Jika tren kenaikan harga komoditas berlanjut hingga akhir tahun, serta pemerintah dapat mengoptimalisasi peluang tersebut, bukan tidak mungkin pendapatan negara secara umum di akhir tahun akan mendekati 100 persen bahkan melebihi target yang telah ditetapkan.

Kondisi APBN yang sehat pun akan berdampak positif terhadap rencana pemulihan ekonomi pascapandemi dan supply risk Surat Berharga Negara (SBN) hingga akhir tahun.

Lima besar komoditas penyumbang surplus perdagangan Indonesia, masih didominasi batubara sebesar 13,91 persen disusul base metal product sebesar 13,68 persen, minyak sawit 11,28 persen, produk manufaktur sebesar 7,51 persen dan tekstil dan produk tekstil sebesar 6,41 persen.

Bahana TCW memprediksikan tren kenaikan harga komoditas tersebut dapat bertahan setidaknya hingga akhir tahun. Jika demikian, hal ini akan berdampak positif terhadap APBN Indonesia.

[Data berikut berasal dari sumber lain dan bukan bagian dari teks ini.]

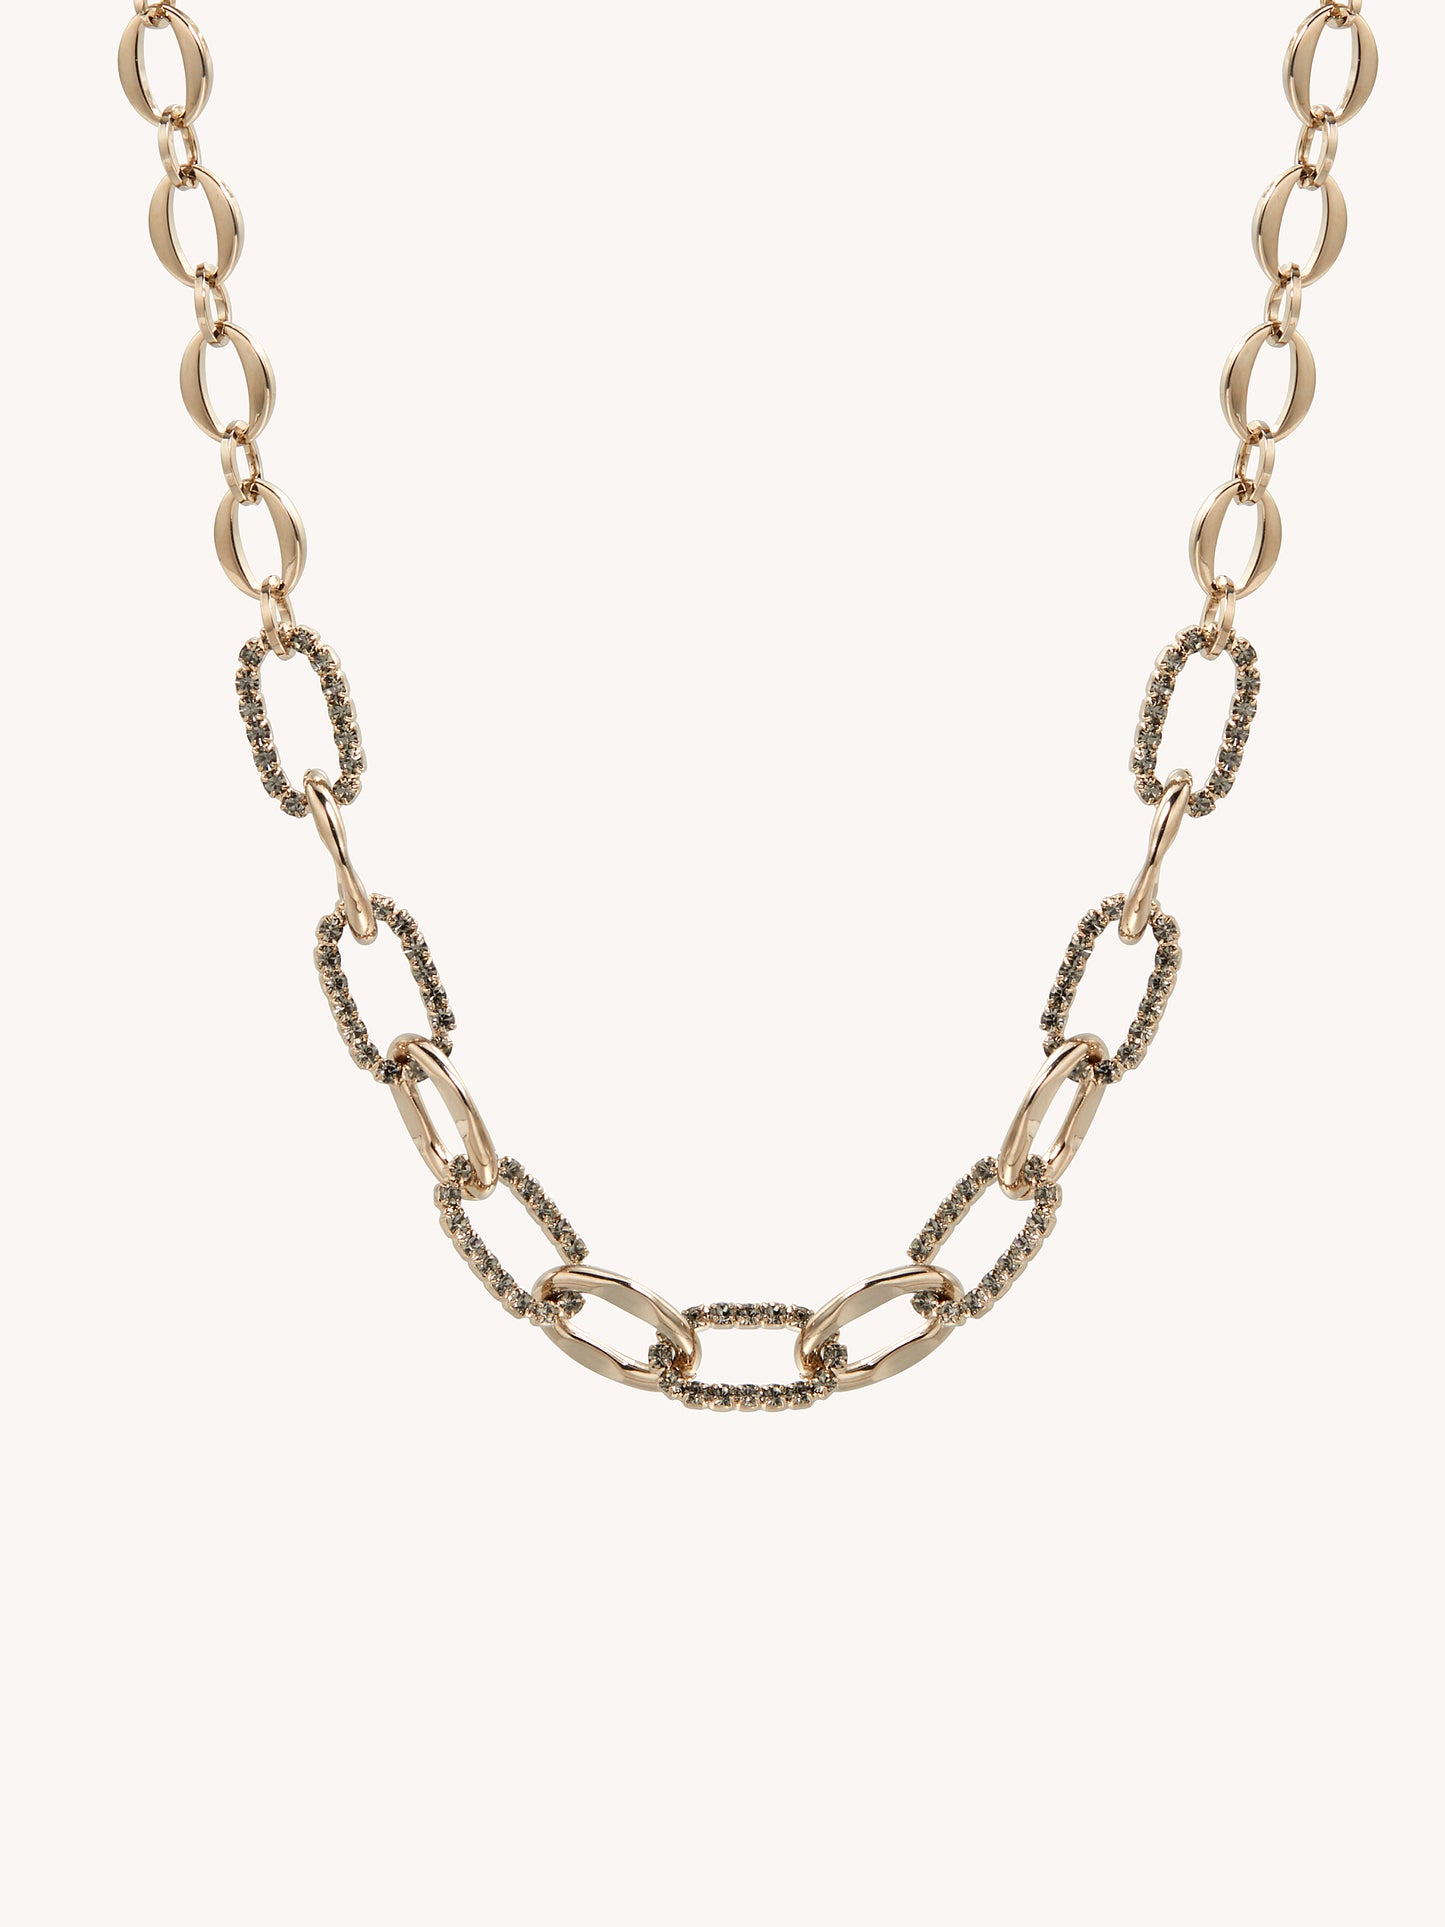 Singular Chain Necklace

Baca juga: IHSG diprediksi menguat hari ini, ditopang kenaikan harga komoditas

Namun demikian, lanjut Budi, ada beberapa risiko yang perlu menjadi perhatian terutama bagaimana respon regulator terkait tingkat inflasi yang berpotensi naik sebagai dampak dari supply shock di sektor energi, tenaga kerja maupun bahan baku, atau bahkan dari sisi logistik yang sedang melanda dunia saat ini.

Kondisi perekonomian China ke depan juga patut menjadi perhatian bersama, mengingat eksposur impor bahan baku dari China yang tinggi dibanding negara-negara Eropa.

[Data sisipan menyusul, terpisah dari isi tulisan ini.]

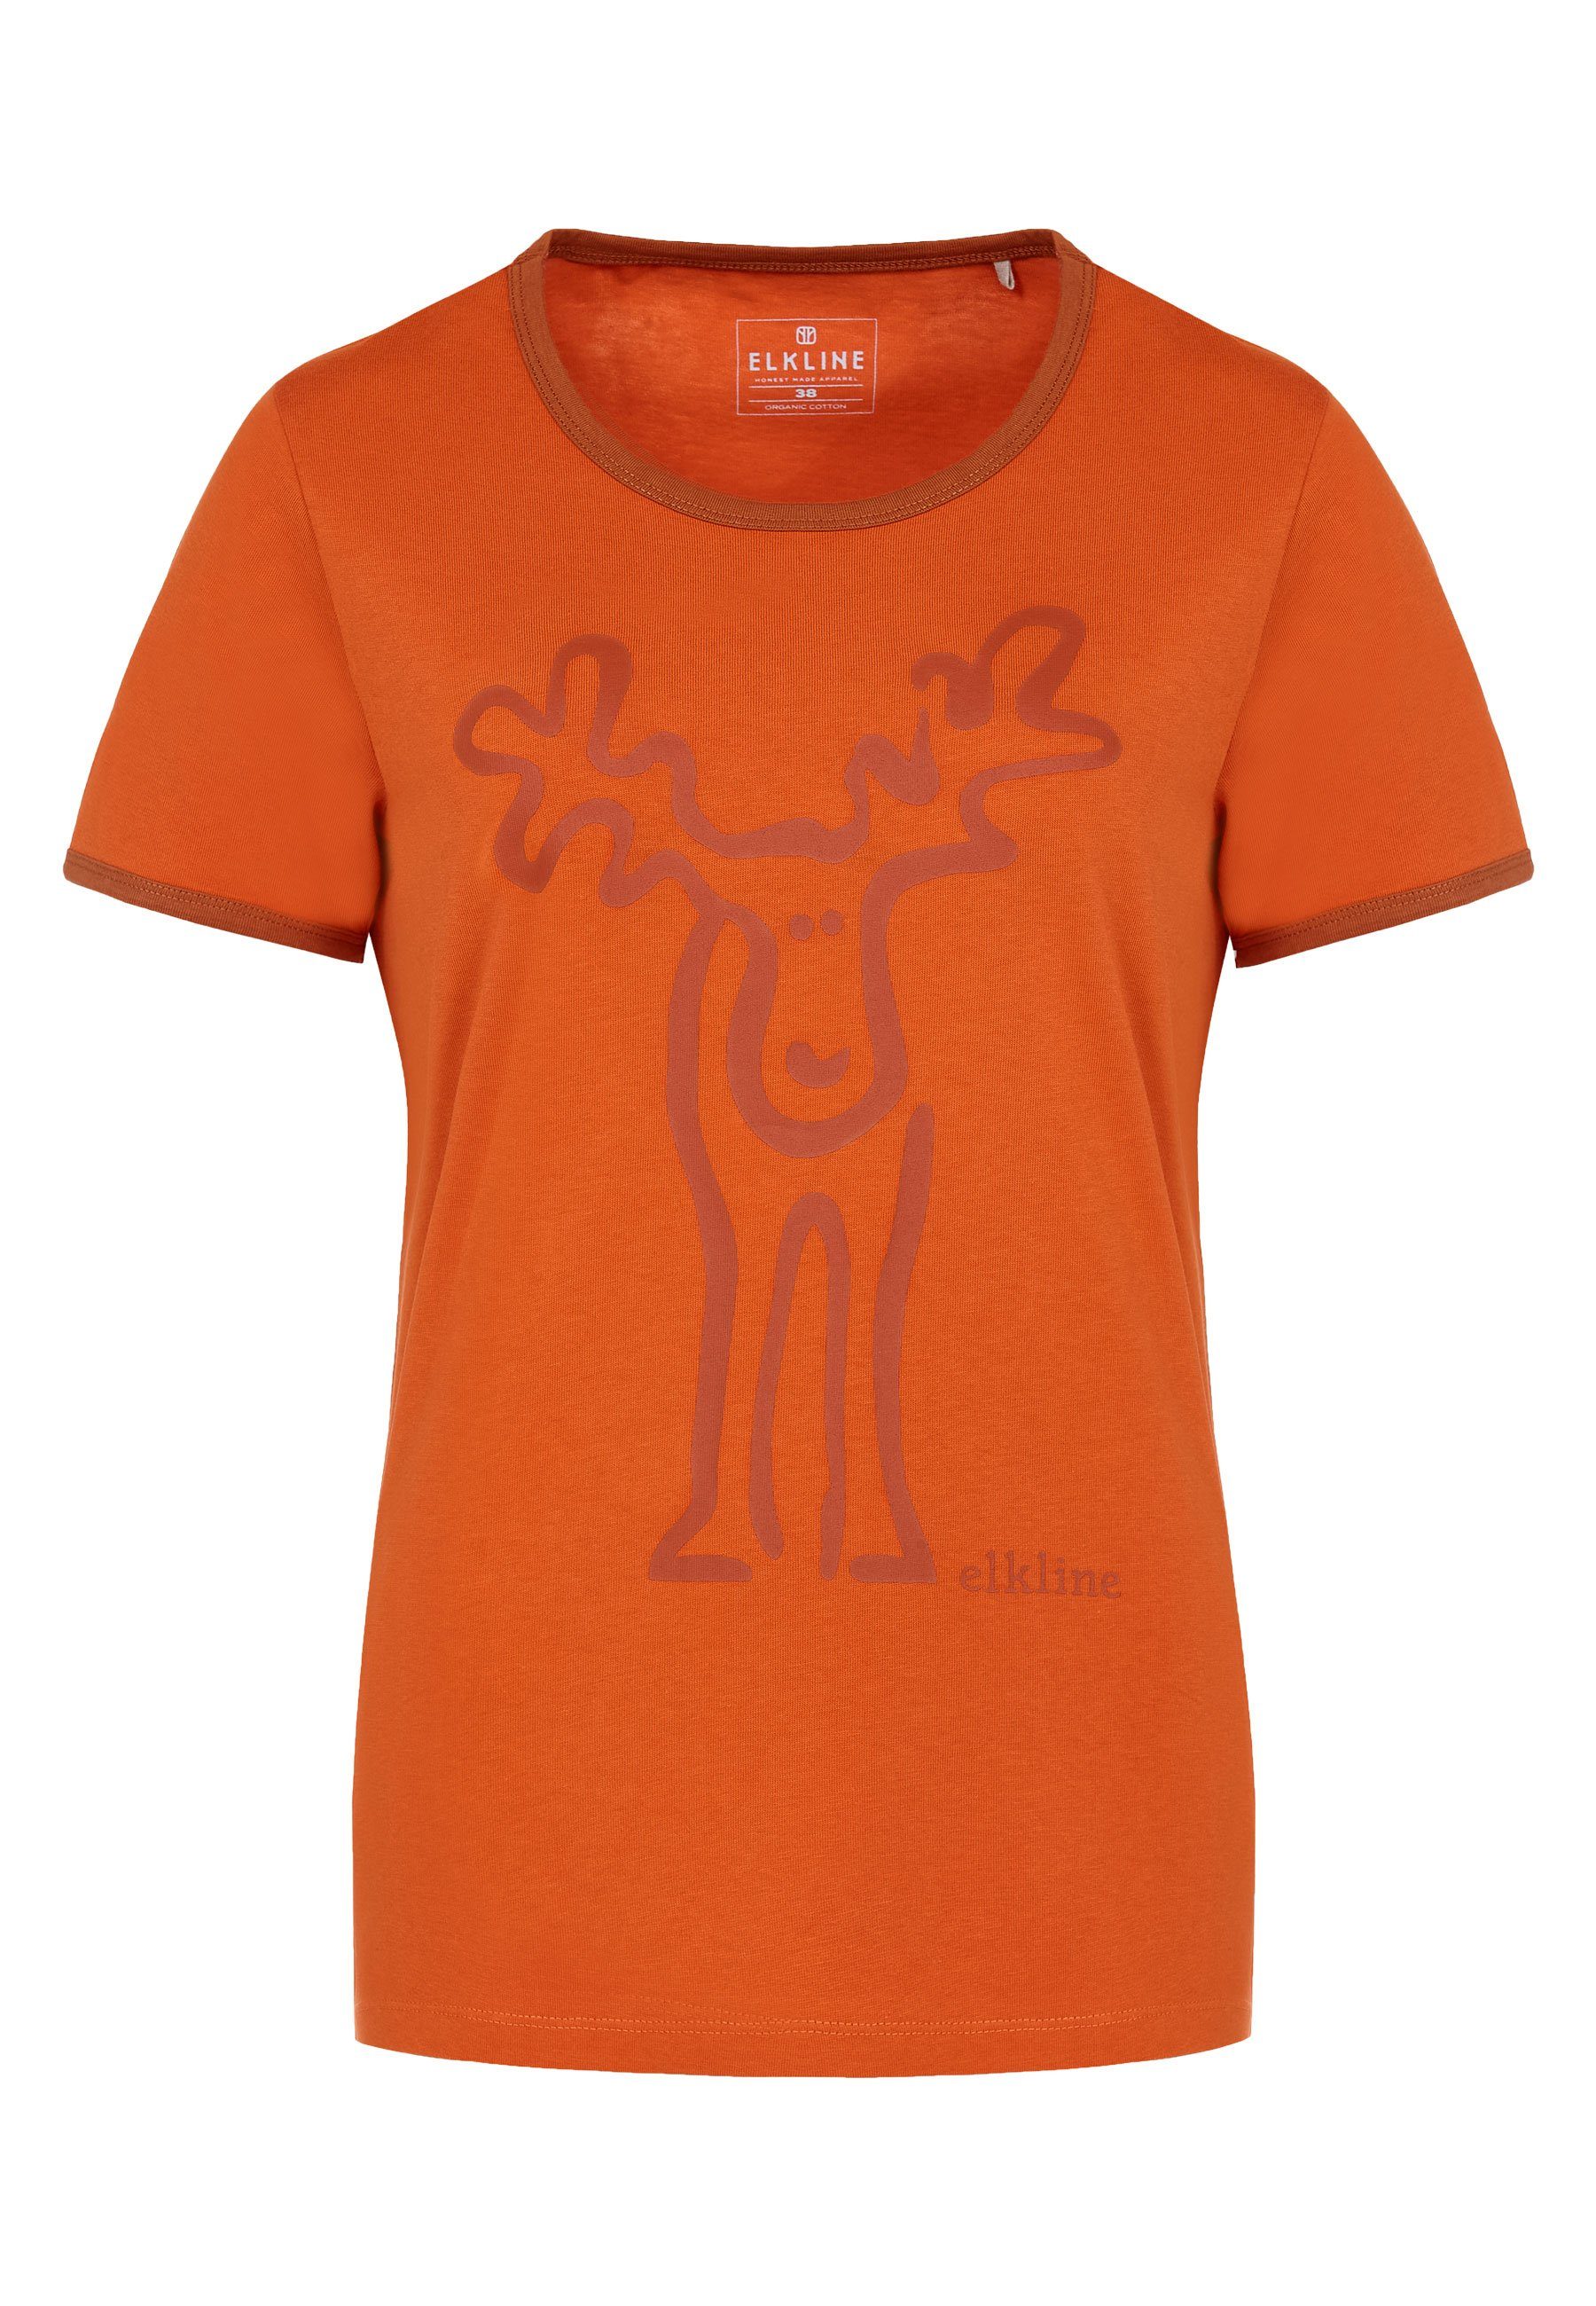 Elkline orange Brust T-Shirt Print Rudolfine rust - darkorange Rücken Elch Retro und

"Jika harga energi melonjak tinggi akan berdampak pada impor bahan baku dari China yang didominasi oleh produk manufaktur, barang-barang elektronik, besi dan baja untuk infrastruktur, dan lain-lain. Namun, hingga akhir tahun 2021, kami mengasumsikan tingkat inflasi Indonesia akan rendah karena dampak dari kenaikan harga energi dunia masih ditahan oleh subsidi energi baik bahan bakar minyak dan listrik oleh pemerintah," kata Budi.

Baca juga: Pengamat perkirakan "pajak orang kaya" akan tambah penerimaan negara

Krisis energi yang terjadi di Amerika Serikat, Eropa, dan Asia seiring dengan kembali aktifnya perekonomian pascapandemi COVID-19 dan datangnya musim dingin yang mendorong tingginya permintaan energi. Kelangkaan pasokan dan naiknya harga gas, naiknya tarif listrik, serta sulitnya mendapatkan bahan bakar minyak (BBM) menjadi beberapa alasannya. Sementara pasokan komoditas energi terbatas karena produksi belum normal juga akibat pandemi dan faktor cuaca.

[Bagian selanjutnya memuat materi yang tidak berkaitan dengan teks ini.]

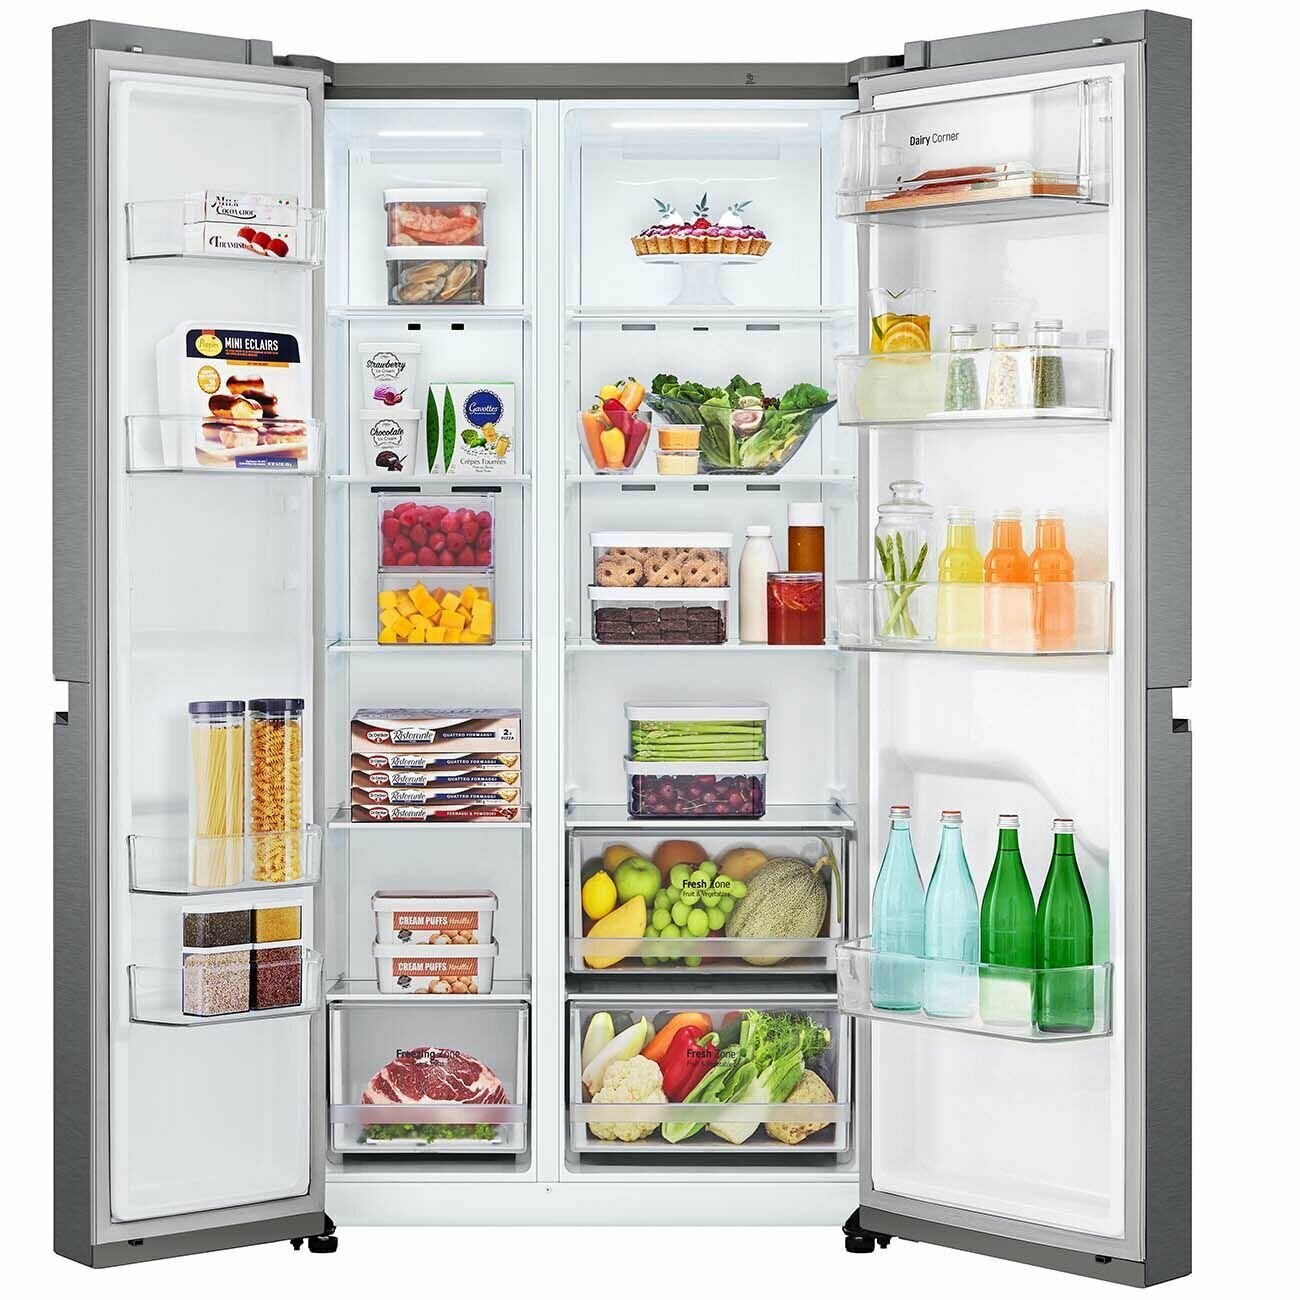 Холодильник (Side-by-Side) LG GC-B257JLYV

Budi menilai, krisis energi yang terjadi adalah lebih kepada supply shock, karena secara umum permintaan masyarakat pascapandemi mulai tumbuh, tapi di sisi lain, rantai pasokan belum siap untuk kembali ke level produksi seperti sebelum pandemi.

Pasokan gas Eropa dari Rusia terganggu, harga batubara di China juga merangkak naik akibat terdampak perselisihan dengan salah satu produsen batubara terbesar yaitu Australia, sementara pasokan dari Indonesia juga terganggu musim hujan dan produsen lokal di China terdampak kebijakan pemerintahnya yang tengah fokus ke energi hijau atau green energy.